Unless you are clicking the Print button twice instead of once, I can't see why you would be getting 2 prints.


----------



## gstrek (Dec 2, 2019)

Do you get two files  if you Print to a JPEG file?   That may also help narrow it down to a print driver or LR issue.


----------



## WesternGuy (Dec 2, 2019)

Gary, I will try that and see if what happens.

WG


----------



## WesternGuy (Dec 2, 2019)

clee01l said:


> Unless you are clicking the Print button twice instead of once, I can't see why you would be getting 2 prints.


Neither can I  - the plot thickens?

WG


----------



## WesternGuy (Dec 2, 2019)

Gary, I tried printing to a file (.prn) and it only creates one of them.  Is it possible that it would "print" two copies within the one .prn file?

WesternGuy


----------



## gstrek (Dec 3, 2019)

WesternGuy said:


> Gary, I tried printing to a file (.prn) and it only creates one of them.  Is it possible that it would "print" two copies within the one .prn file?
> 
> WesternGuy


Print it and see.   I was suggesting print to jpeg not to a prn file.  Then open the jpeg and see if there are 2 images. Also see if you get 1 or 2 jpeg files.


----------



## WesternGuy (Dec 3, 2019)

The "Print to File" only produced two files, unless the "two file" output went to one file.  If the latter, is there anyw


gstrek said:


> Print it and see.   I was suggesting print to jpeg not to a prn file.  Then open the jpeg and see if there are 2 images. Also see if you get 1 or 2 jpeg files.


Yes, I can try that and see what the results is.

WG


----------



## WesternGuy (Dec 3, 2019)

Gary, it produces only one file (jpg) and when I open it, it appears that there is only one set of images in the jpg file.  It would appear that this "print to file" process is only producing one copy.

WesternGuy


----------



## gstrek (Dec 3, 2019)

WesternGuy said:


> Gary, it produces only one file (jpg) and when I open it, it appears that there is only one set of images in the jpg file.  It would appear that this "print to file" process is only producing one copy.
> 
> WesternGuy



That suggests to me that your layout,  and layout style (Single Image)  is good, assuming the jpg file produces exactly the print you were expecting it to.  You may have narrowed it down to something in the Page Setup (paper size) or Print Settings.


----------



## Hal P Anderson (Dec 3, 2019)

If you haven't already, you could try resetting the Lightroom Preferences File.

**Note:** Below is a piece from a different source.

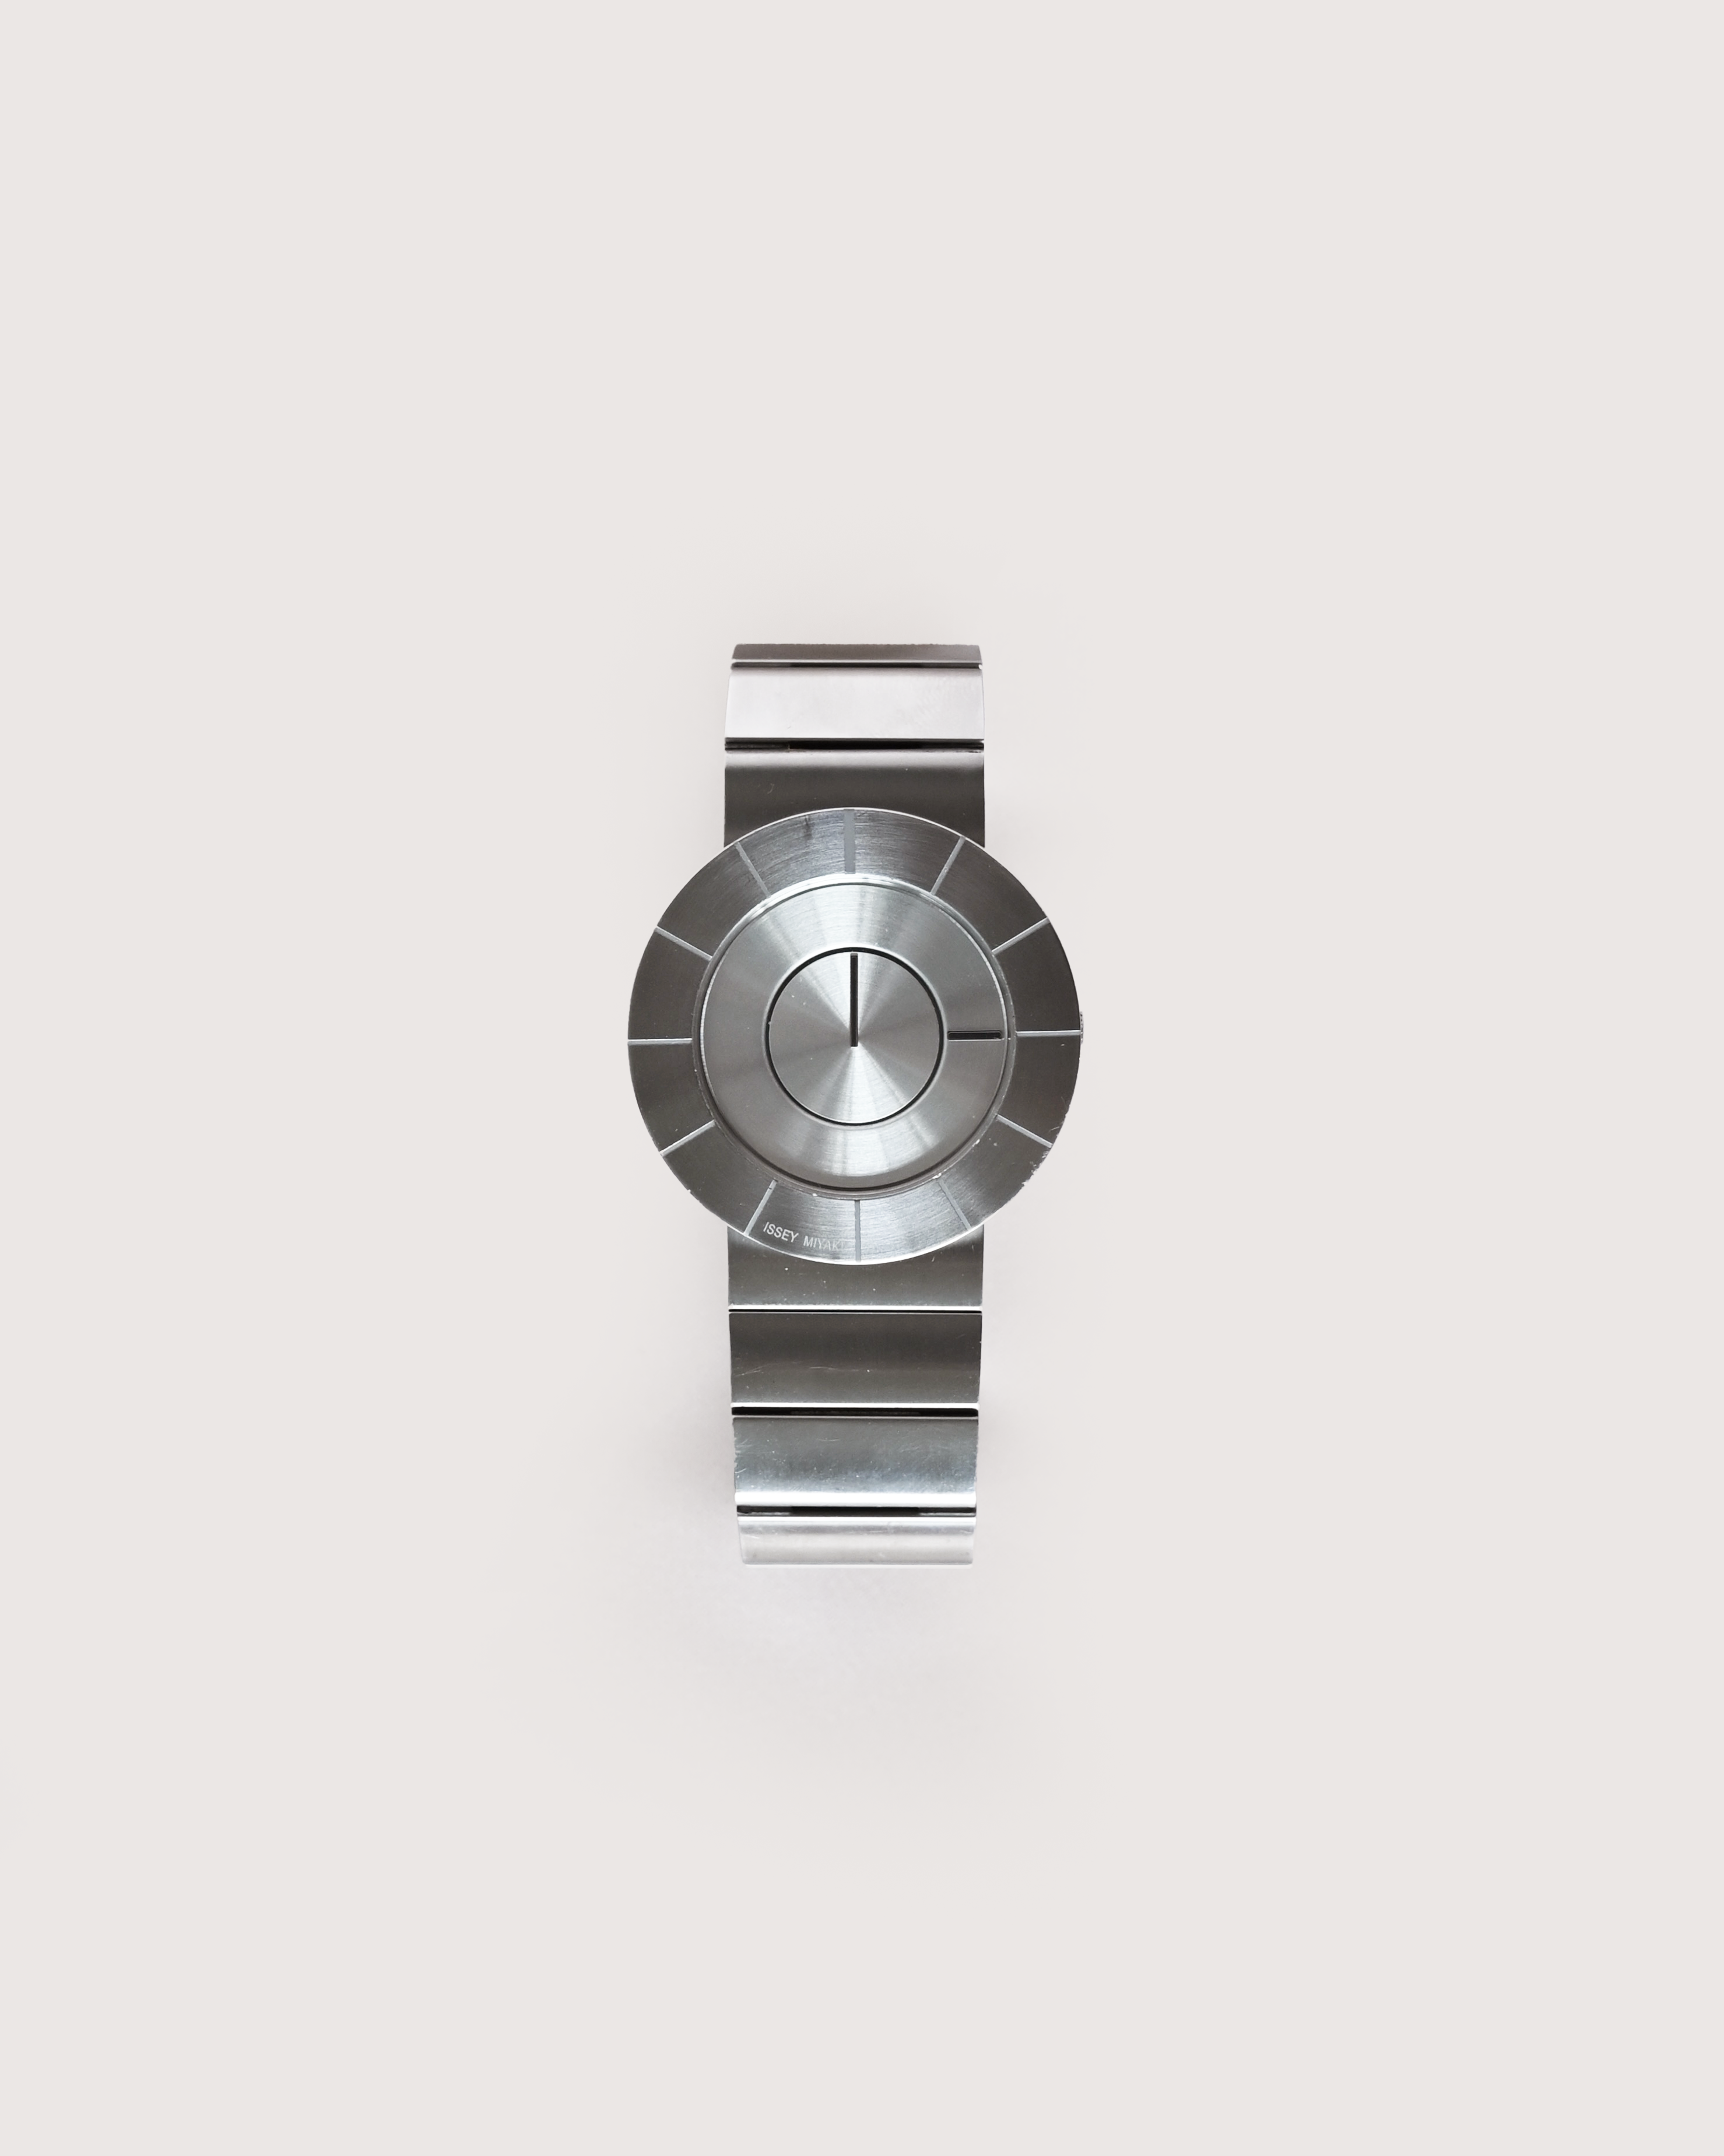 Tokujin Yoshioka - ISSEY MIYAKE Watch Project | Design Inspiration -  Industrial design / product design blog

That often cures weird problems.


----------



## davidedric (Dec 3, 2019)

I hope I'm not insulting anyone.....................  But at first I didn't realise that both the "Print" button and the "Printer" button initiate a print.  So I clicked the Printer button to make sure that I had the right printer, then the Print button - and of course got two copies!


----------



## Paul_DS256 (Dec 3, 2019)

I don't feel so bad now. I've made that mistake myself in the past. Bad labelling.


----------



## WesternGuy (Dec 7, 2019)

davidedric said:


> I hope I'm not insulting anyone.....................  But at first I didn't realise that both the "Print" button and the "Printer" button initiate a print.  So I clicked the Printer button to make sure that I had the right printer, then the Print button - and of course got two copies!


Not insulting at all - David, that is an interesting observation.  I will definitely have to check it out.  IMHO, if that is the case, then I would think this is an undocumented feature (?) that should be corrected.  Personally, I only want to print if I press the <Print> button.

WesternGuy


----------



## WesternGuy (Dec 7, 2019)

Hal P Anderson said:


> If you haven't already, you could try resetting the Lightroom Preferences File. That often cures weird problems.


Hal, I will have a look at this, but, from your detailed posting, it looks like this is a relatively lengthy process.  Something to do on a weekend.

WesternGuy


----------



## Rob_Cullen (Dec 7, 2019)

Just  a comment on "_looks like this is a relatively lengthy process "_
Easy, really!
Just hold down the [ALT] and [SHIFT] keys as you start Lightroom-Classic, Choose [Reset Preferences]
https://www.lightroomqueen.com/how-do-i-reset-lightrooms-preferences/


----------